--- Stored data Enclosed Below ---
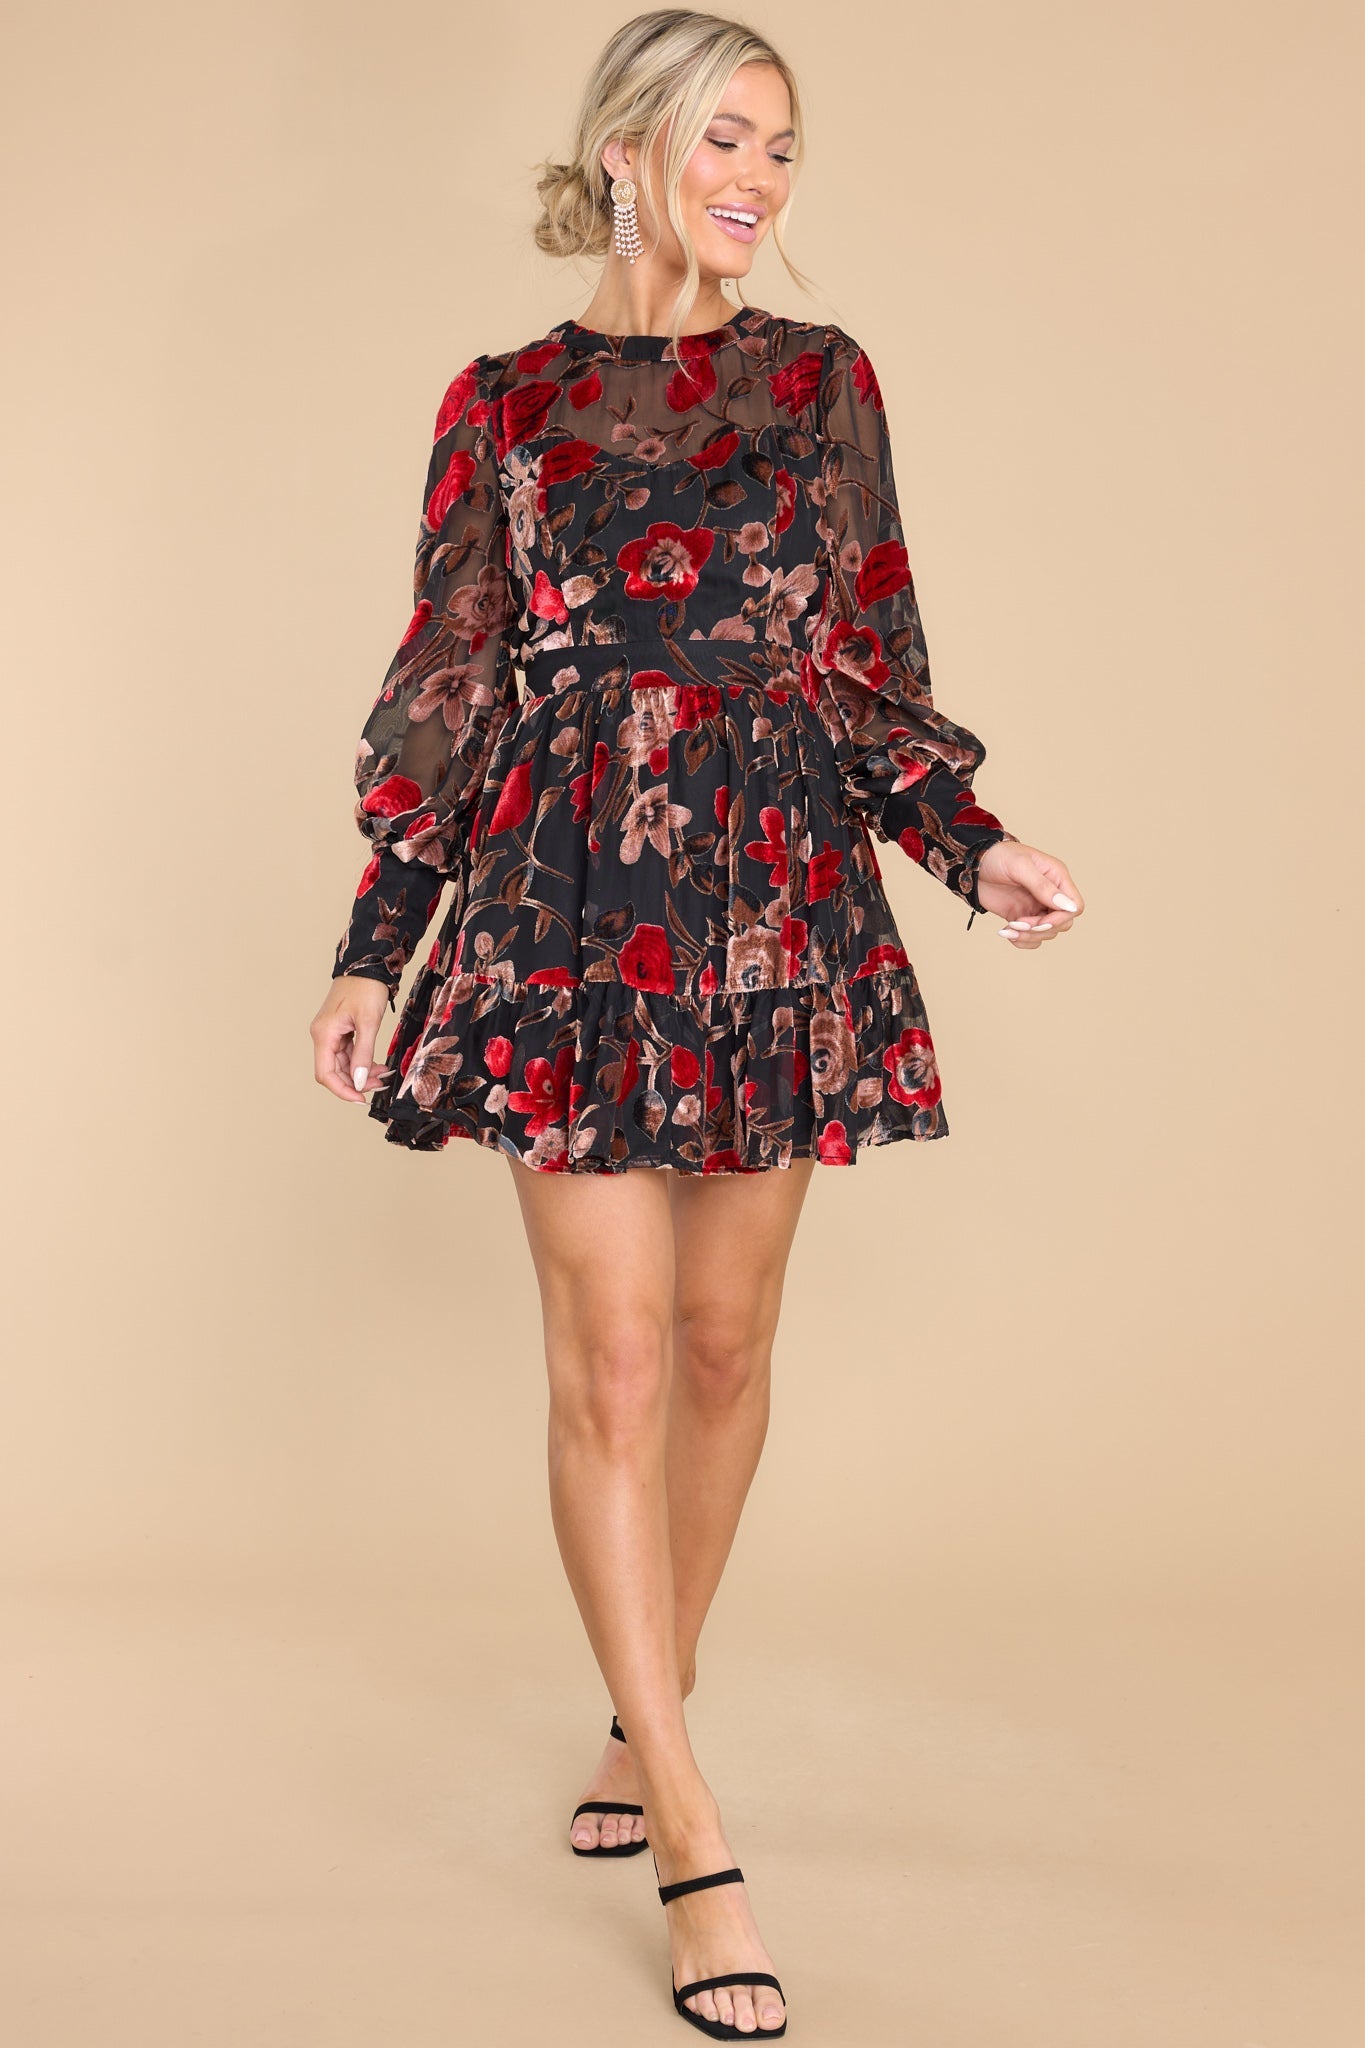 Alluring Blooms Black Floral Print Velvet Dress - Red Dress
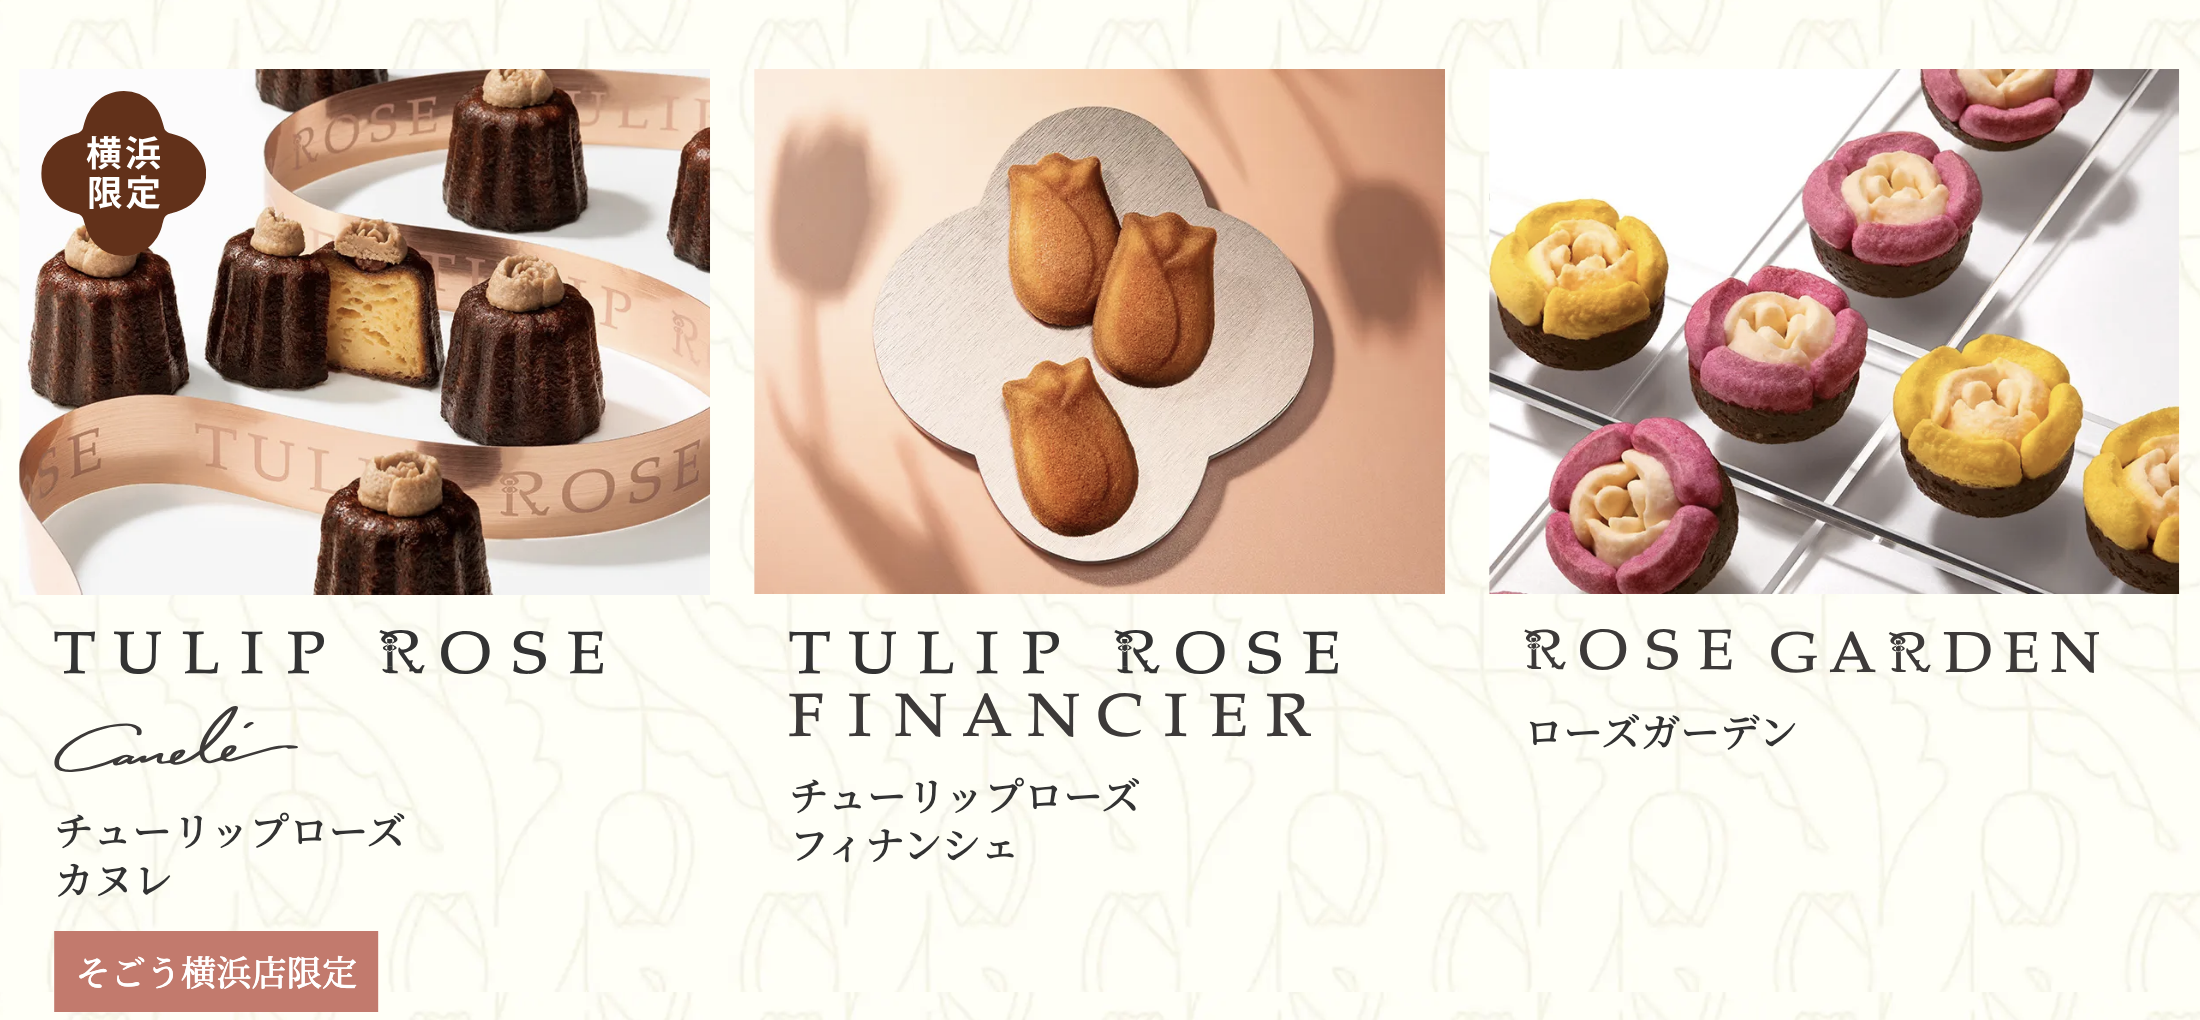 [日本伴手禮] Tokyo Tulip Rose 鬱金香玫瑰餅乾，少女系絕美的法式常溫點心，東京搶手排隊伴手禮 @莉芙小姐愛旅遊
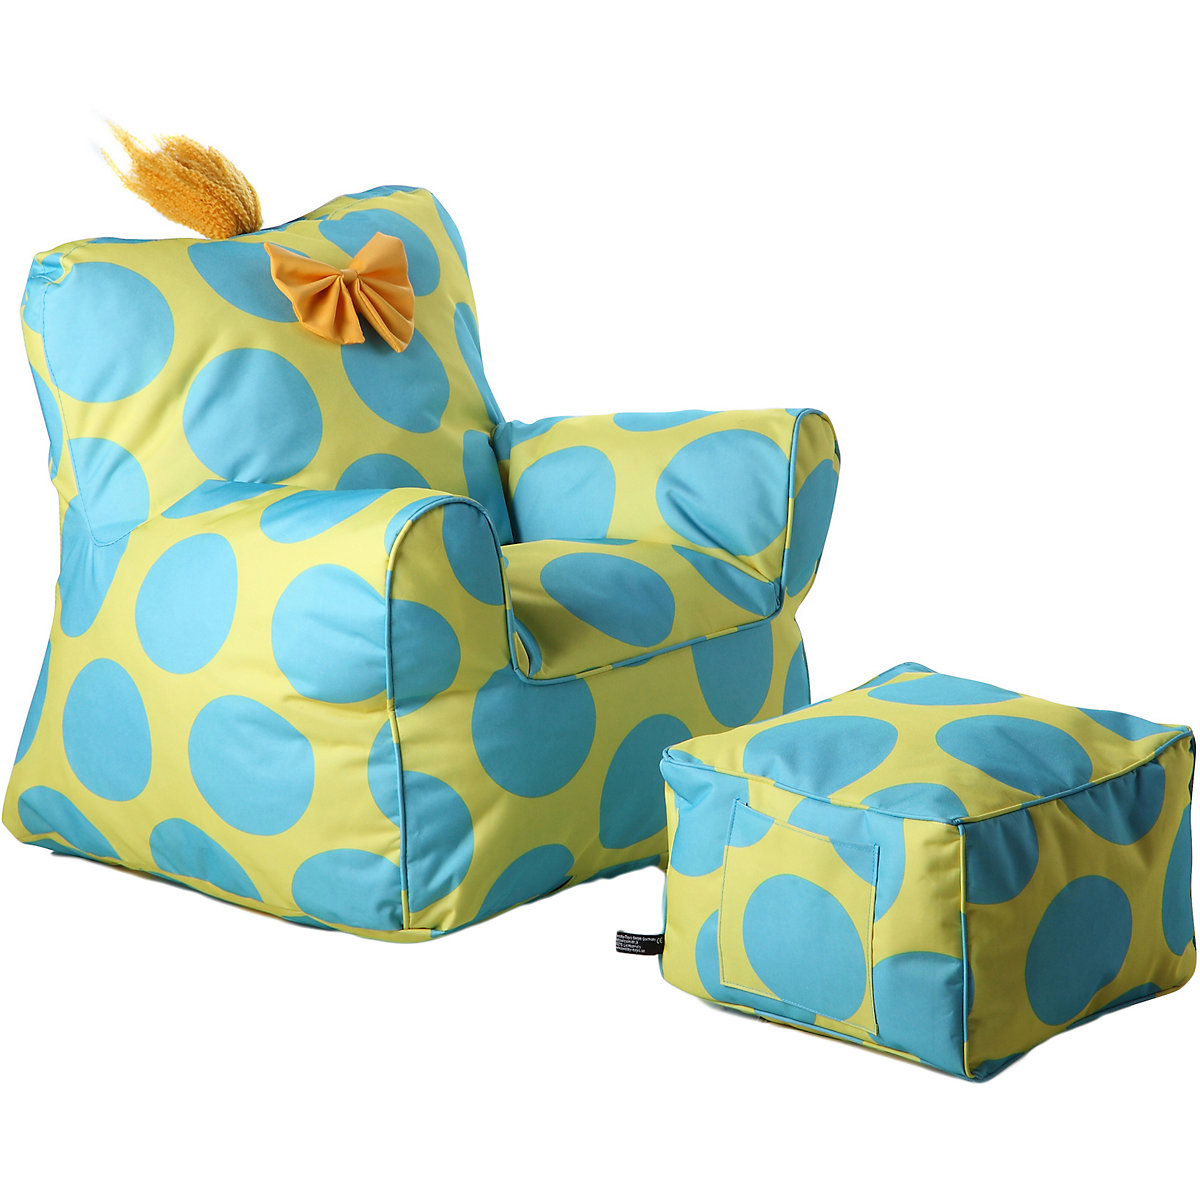 Sweety-Toys Sweety Toys Kindersessel-Set/ Sessel mit Fusshocker Gelb-türkis gefüllt mit Schaumstoff indoor/outdoor wasserfest
--- End of Enclosed Stored data ---
Would you return the material exactly, images excluded?

### Response
 Alluring Blooms Black Floral Print Velvet Dress - Red Dress
 [日本伴手禮] Tokyo Tulip Rose 鬱金香玫瑰餅乾，少女系絕美的法式常溫點心，東京搶手排隊伴手禮 @莉芙小姐愛旅遊
 Sweety-Toys Sweety Toys Kindersessel-Set/ Sessel mit Fusshocker Gelb-türkis gefüllt mit Schaumstoff indoor/outdoor wasserfest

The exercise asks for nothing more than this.